_Input data_
········

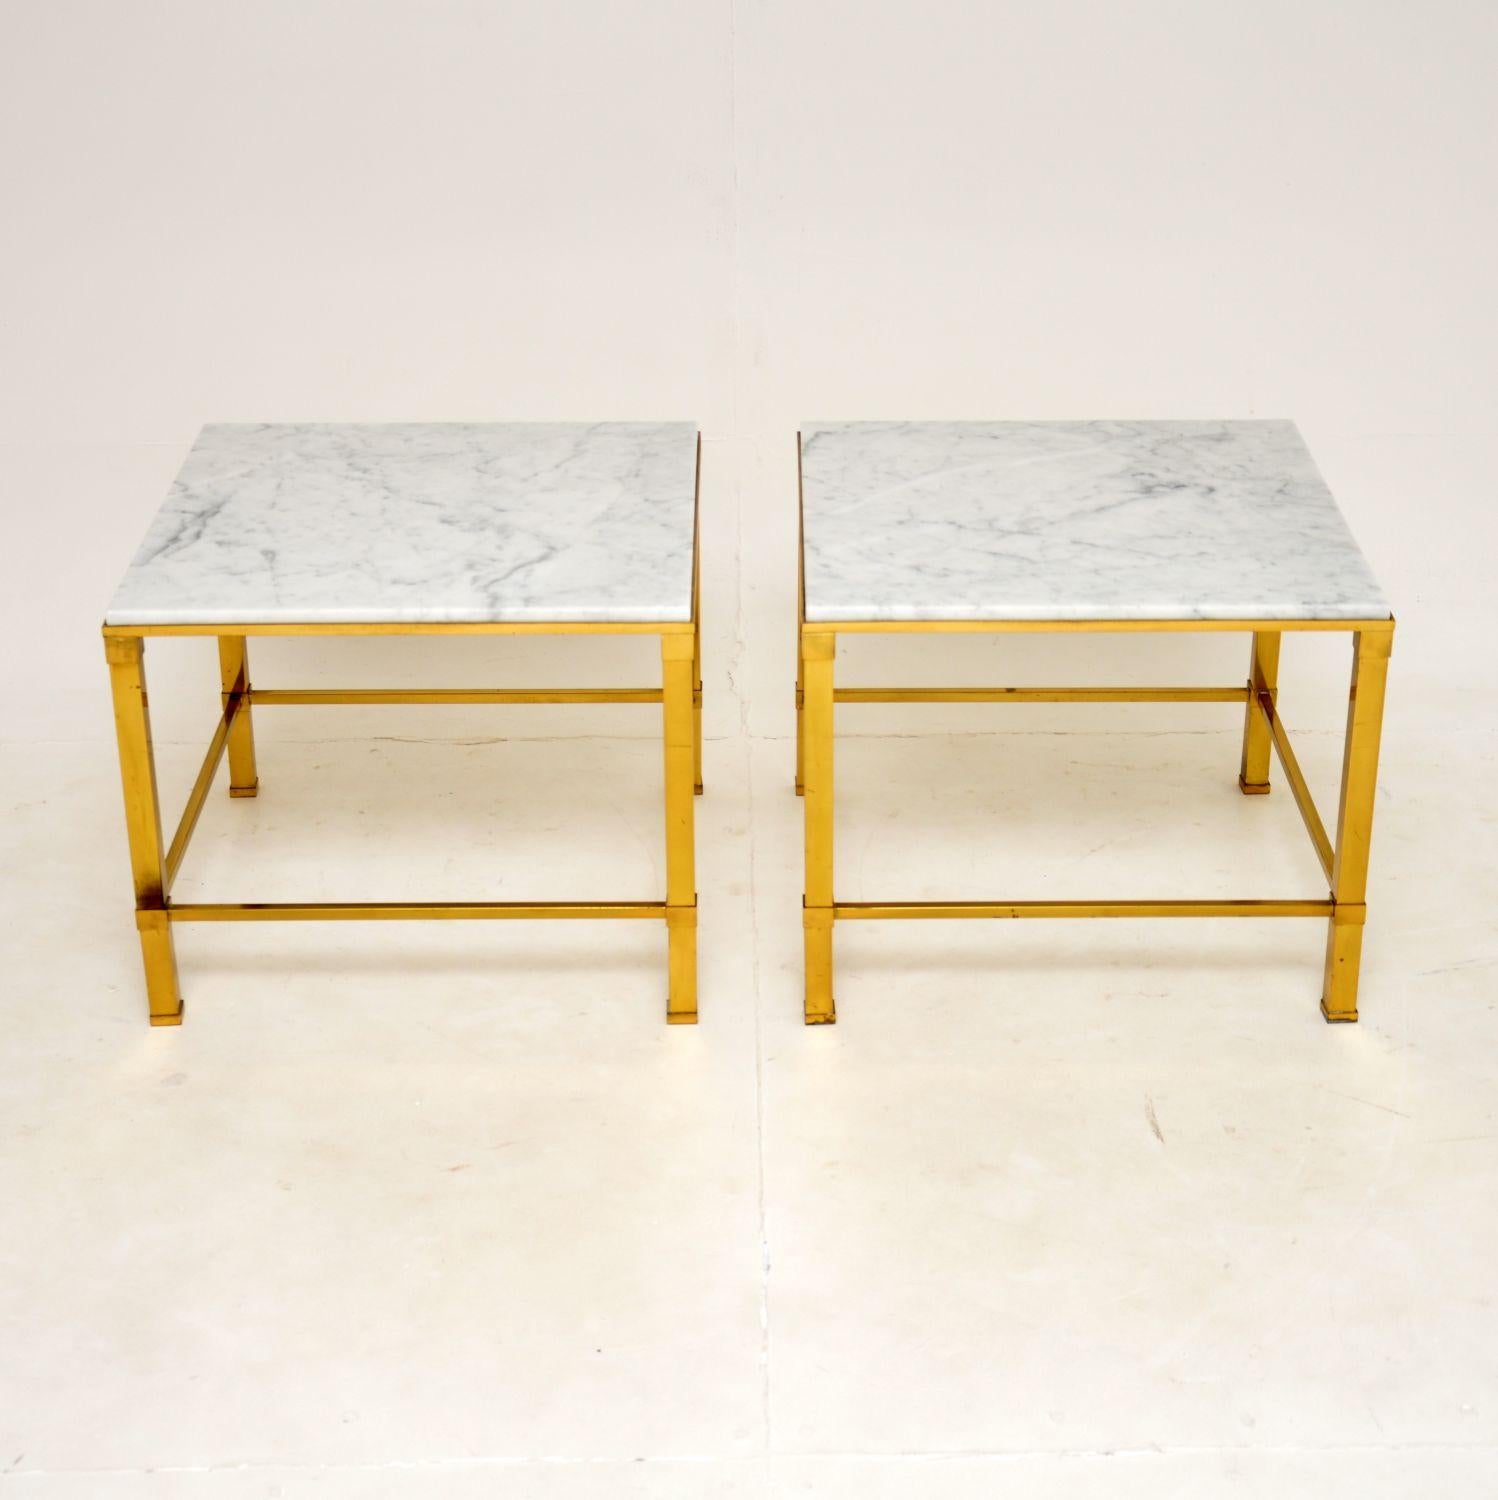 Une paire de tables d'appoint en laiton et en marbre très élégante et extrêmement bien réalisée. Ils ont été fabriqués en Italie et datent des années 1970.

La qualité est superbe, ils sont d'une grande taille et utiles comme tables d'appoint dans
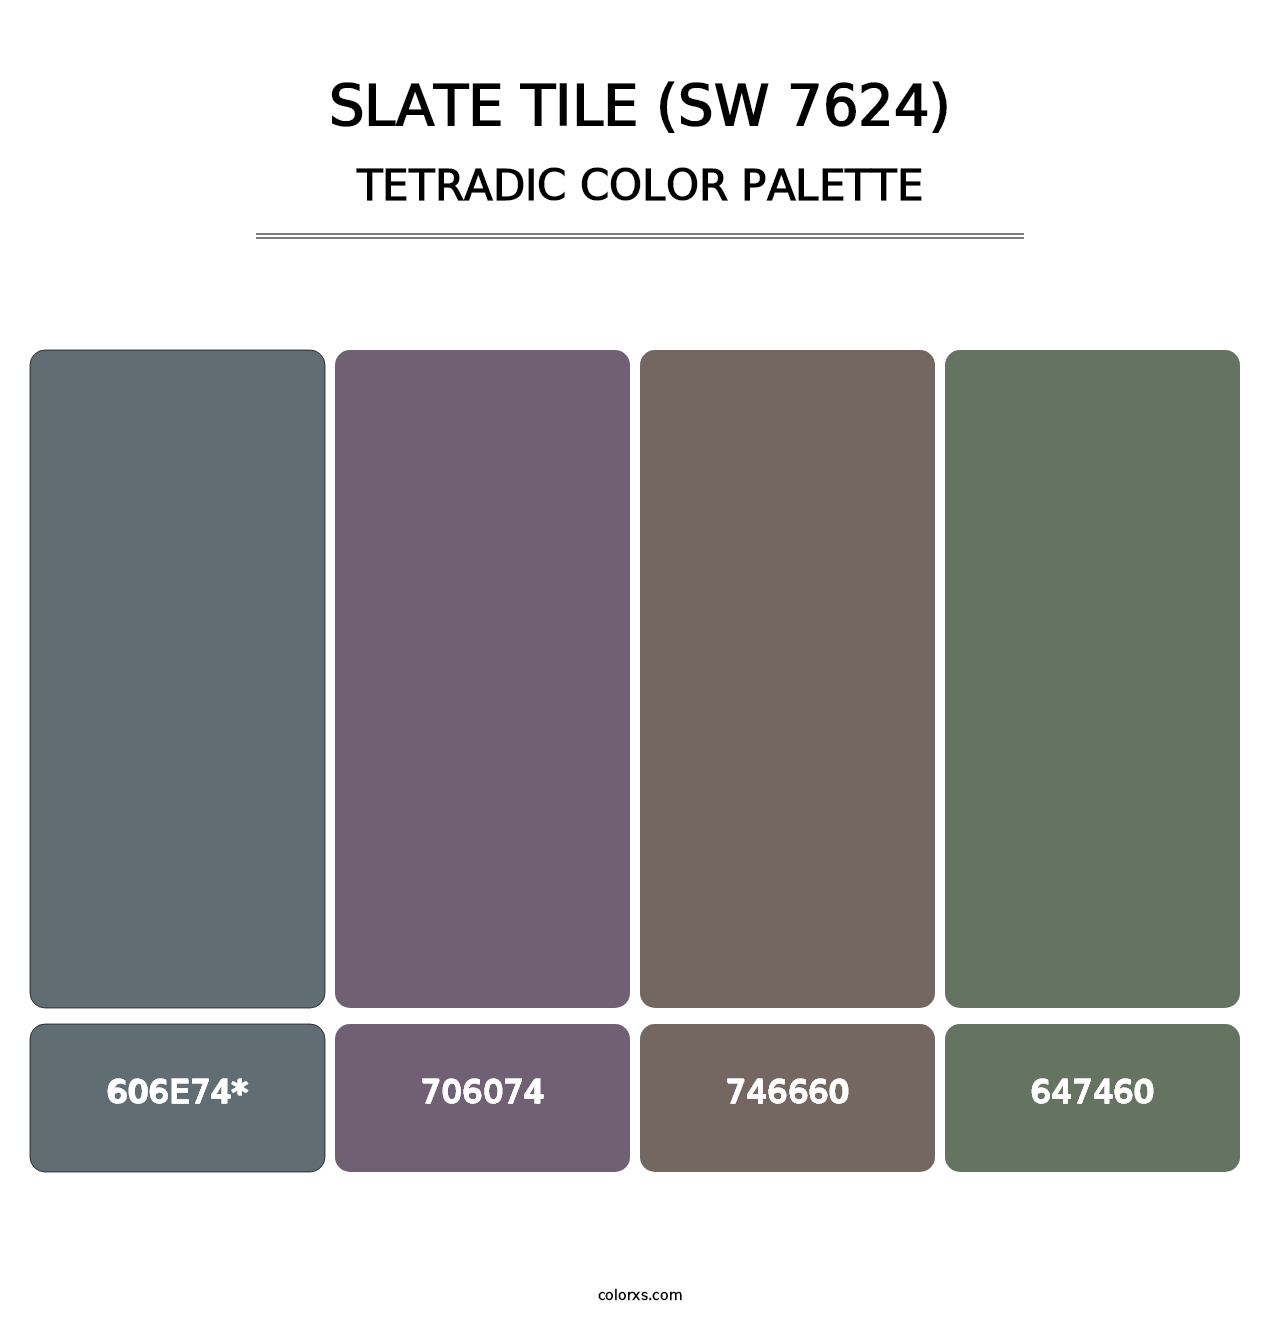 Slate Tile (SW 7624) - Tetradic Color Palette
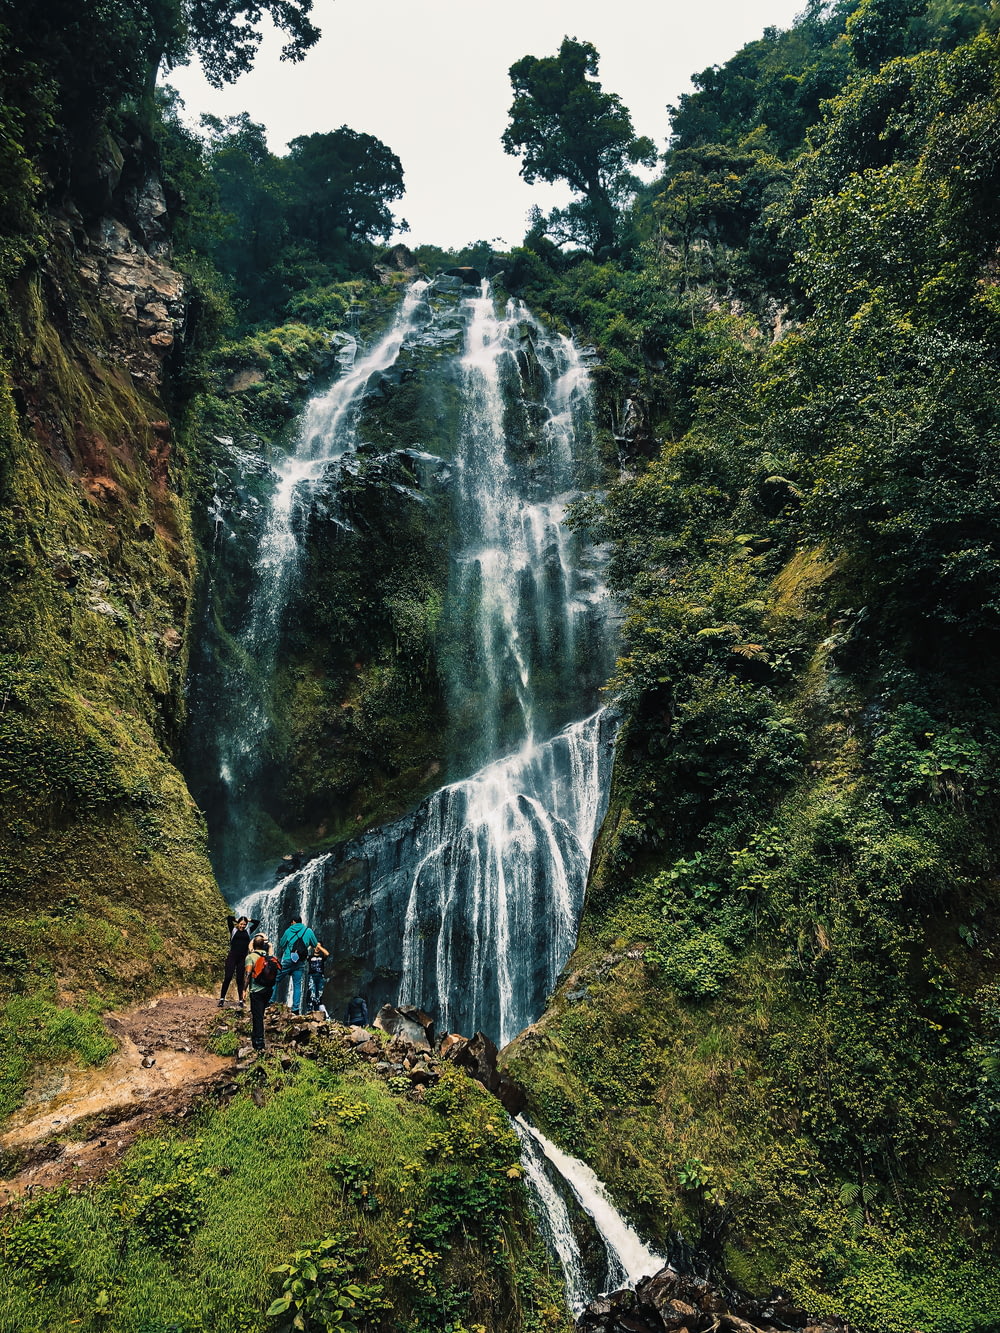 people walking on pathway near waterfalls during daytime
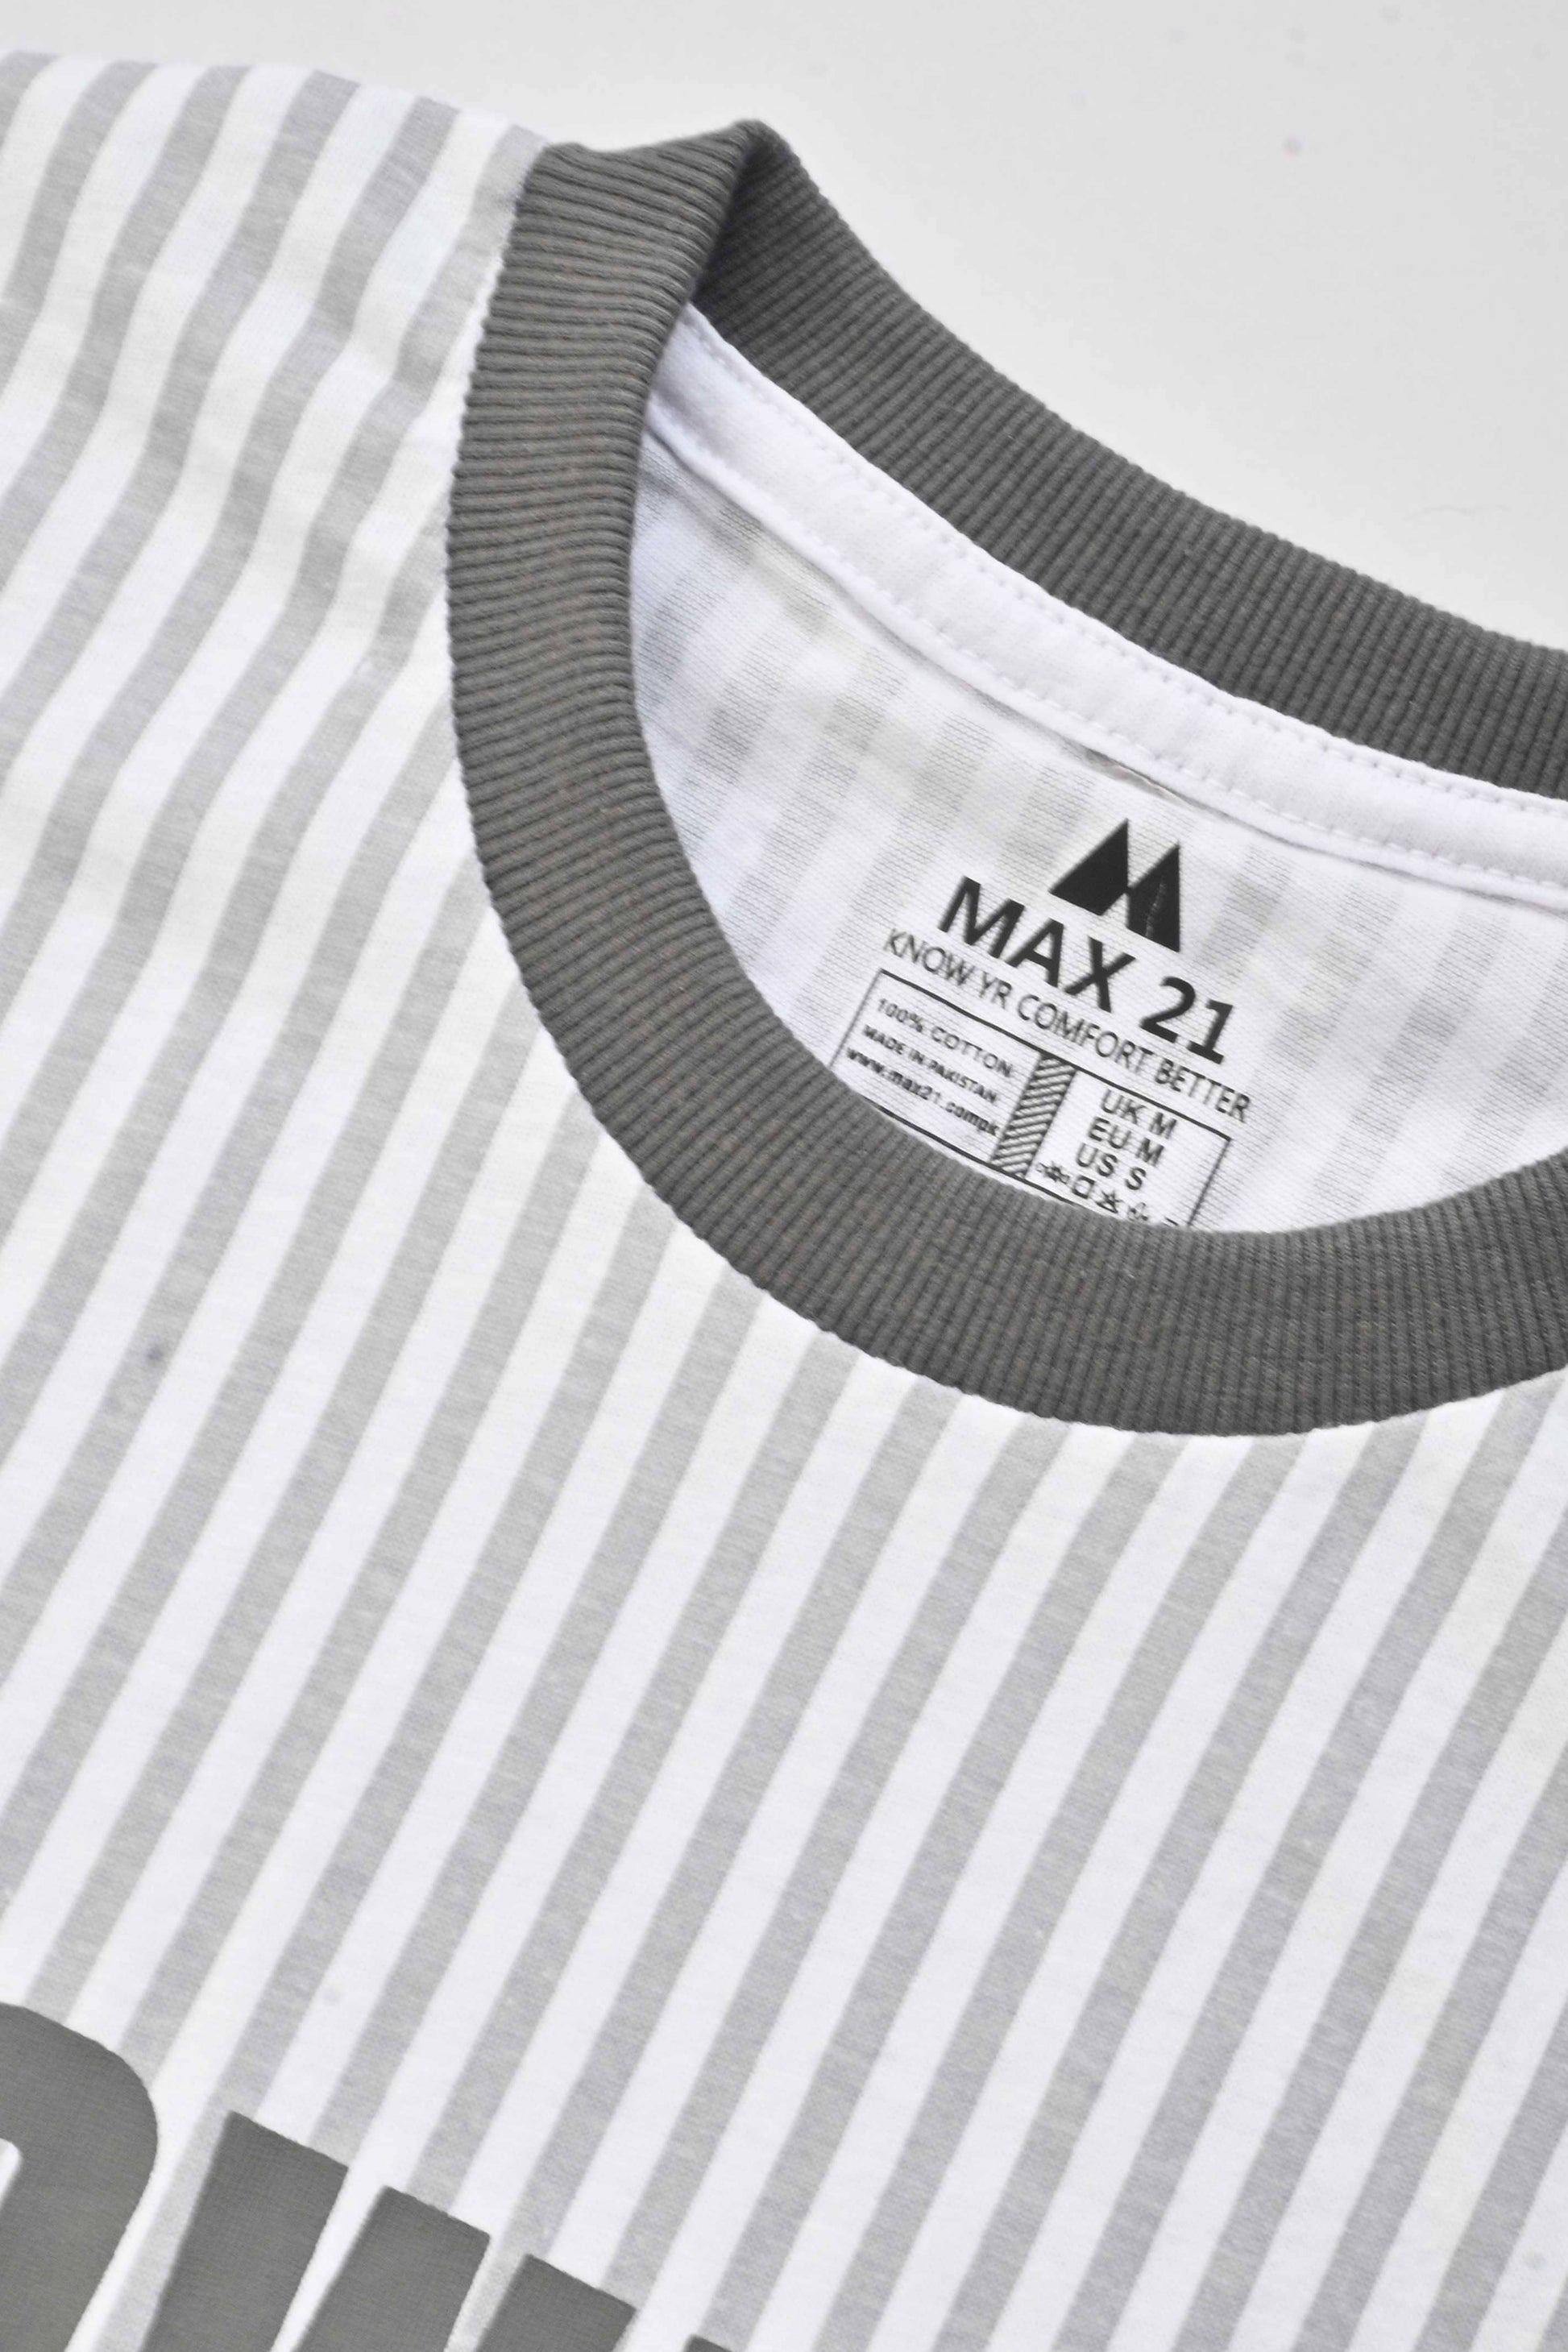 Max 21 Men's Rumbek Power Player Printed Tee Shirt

········

_What you will do_
Write out exactly the opening lines of the data, stopping after the line that holds "La qualité est". Exclude pictures.

_Expected answer_
 Une paire de tables d'appoint en laiton et en marbre très élégante et extrêmement bien réalisée. Ils ont été fabriqués en Italie et datent des années 1970.

La qualité est superbe, ils sont d'une grande taille et utiles comme tables d'appoint dans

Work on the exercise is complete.